Отступим к началу нашего века, когда в науку входил юноша из Одессы Леонид Мандельштам.

В эти столь бурные годы Мандельштама привлекли работы Планка, стремившегося понять, почему свет, проходящий через прозрачную, незамутненную среду, ослабляется. Причиной могло быть только рассеяние. Но что может рассеивать свет в чистом, однородном газе?

И как быть с опытами, безупречными опытами, с удивительной точностью подтверждавшими ранее господствующую теорию рассеяния? Всё в ней представлялось бесспорным и как бы протестовало против вмешательства.

Мандельштама не смутило совпадение результатов опытов с прежней теорией. Об одном из таких опытов он написал в 1907 году: «Это совпадение должно рассматриваться как случайное».

Целым рядом работ Мандельштам показал, что беспорядочное движение молекул не делает газ однородным. В реальном газе всегда имеются мельчайшие разрежения и уплотнения, образующиеся в результате хаотического теплового движения. Вот они-то и приводят к рассеянию света, так как нарушают оптическую однородность воздуха.

Мандельштам писал: «Если среда оптически неоднородна, то, вообще говоря, падающий свет будет рассеиваться в стороны».

Много позже, в 1917 году, Мандельштам и независимо от него французский учёный Леон Бриллюэн задались вопросом о том, как же происходит рассеяние света в прозрачных однородных жидкостях и твёрдых телах, плотность которых неизмеримо больше плотности воздуха?

Оказалось, что и здесь большую роль играют флуктуации плотности, подчиняющиеся законам, родственным тем, которые приводят в движение броуновские частицы.

Но в жидкостях и твёрдых телах, которые физики объединяют обобщающим понятием — конденсированные среды, в процесс рассеяния света вмешивается новый фактор, корни которого простираются до 1820 года, когда французы П. Дюлонг и А. Пти установили замечательный факт равенства удельной теплоёмкости всех твёрдых тел. Попытки объяснить эту закономерность дали толчок многим далеко идущим исследованиям. Но причина столь удивительного равенства так и осталась неясной, и опытный факт со временем превратился в закон Дюлонга и Пти. Лишь более чем через половину века цюрихский профессор X. Вебер обнаружил, что удельные теплоёмкости алмаза, графита, бора и кремния резко отклоняются в меньшую сторону от закона Дюлонга и Пти. Он же установил, что повышение температуры уменьшает обнаруженное им отклонение.

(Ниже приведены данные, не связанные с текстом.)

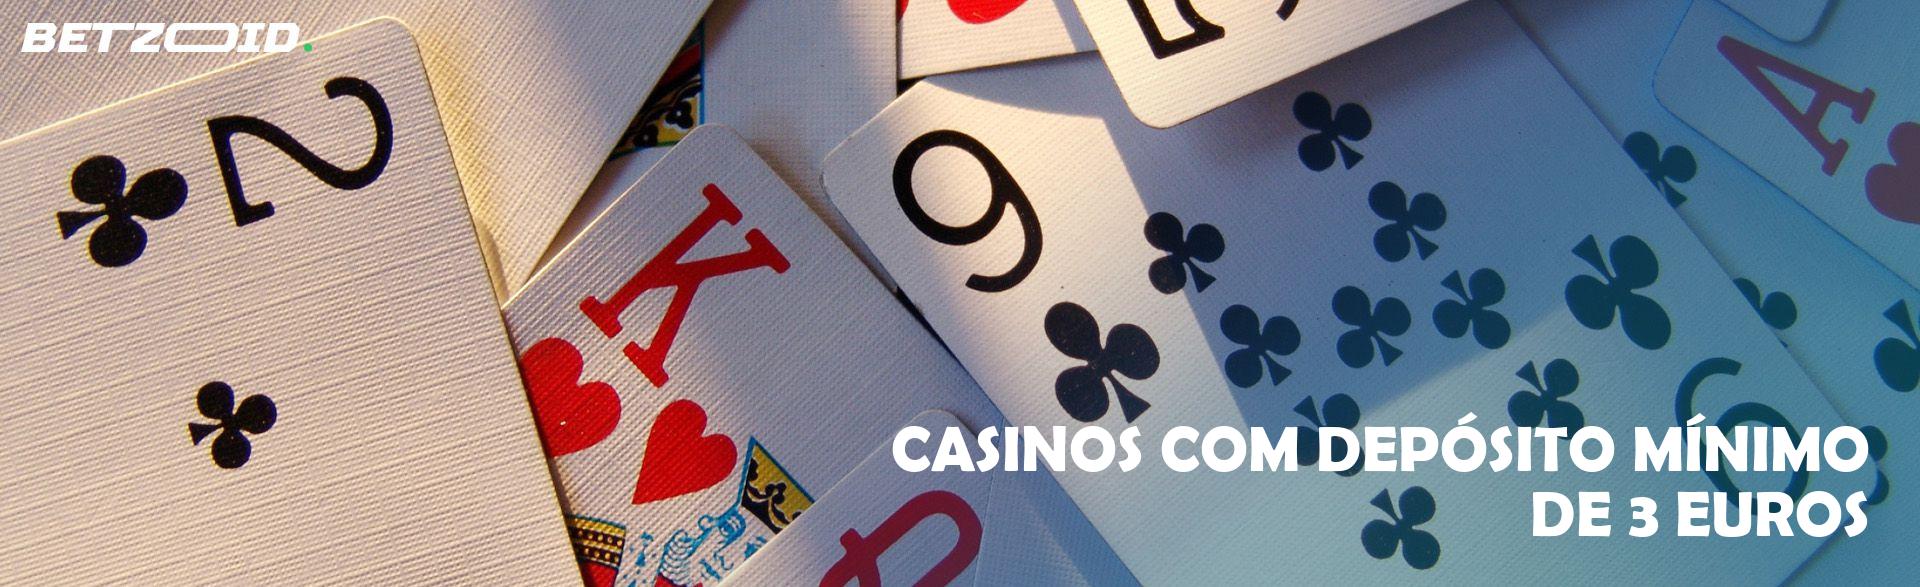 Casinos com Depósito Mínimo de 3 Euros.

Эйнштейн, в студенческие годы слушавший лекции Вебера, не мог остаться равнодушным к его открытию. Он представил себе атомы твёрдых тел колеблющимися вокруг устойчивых положений равновесия, определяемых взаимодействием их электрических полей. Свойства таких атомных систем напоминают в общих чертах поведение системы грузиков, связанных пружинками. Эйнштейн стремился во всех случаях описать сложную систему при помощи наиболее простых моделей и наиболее простых формул, лишь бы они воспроизводили существенные черты реальных явлений. Этот путь и здесь привёл его к успеху. Применив к своей модели формулы Планка, он смог объяснить наблюдения Вебера.

Впоследствии П. Дебай развил работу Эйнштейна и показал, что тепловые колебания твёрдых тел имеют ту же природу, что и звуковые колебания, но частоты их занимают несравненно больший диапазон, чем слышит наше ухо. То были ультразвуковые и гиперзвуковые колебания, много позже освоенные техникой. Но звуковые волны связаны с сжатием и разрежением, с изменением плотности вещества. Если эти волны порождаются тепловыми движениями, то их наложение приводит к хаотическим изменениям, к флуктуациям плотности. Достаточно было осознать это, и механизм рассеяния света в конденсированных средах становился ясным. Теперь этот процесс известен как рассеяние Мандельштама — Бриллюэна. Он приобрёл новое значение после создания лазеров.

НАХОДКА

Много лет спустя, в 1925 году, став заведующим кафедрой Московского университета, Мандельштам продолжил исследования рассеяния света совместно с искусным экспериментатором Г. С. Ландсбергом.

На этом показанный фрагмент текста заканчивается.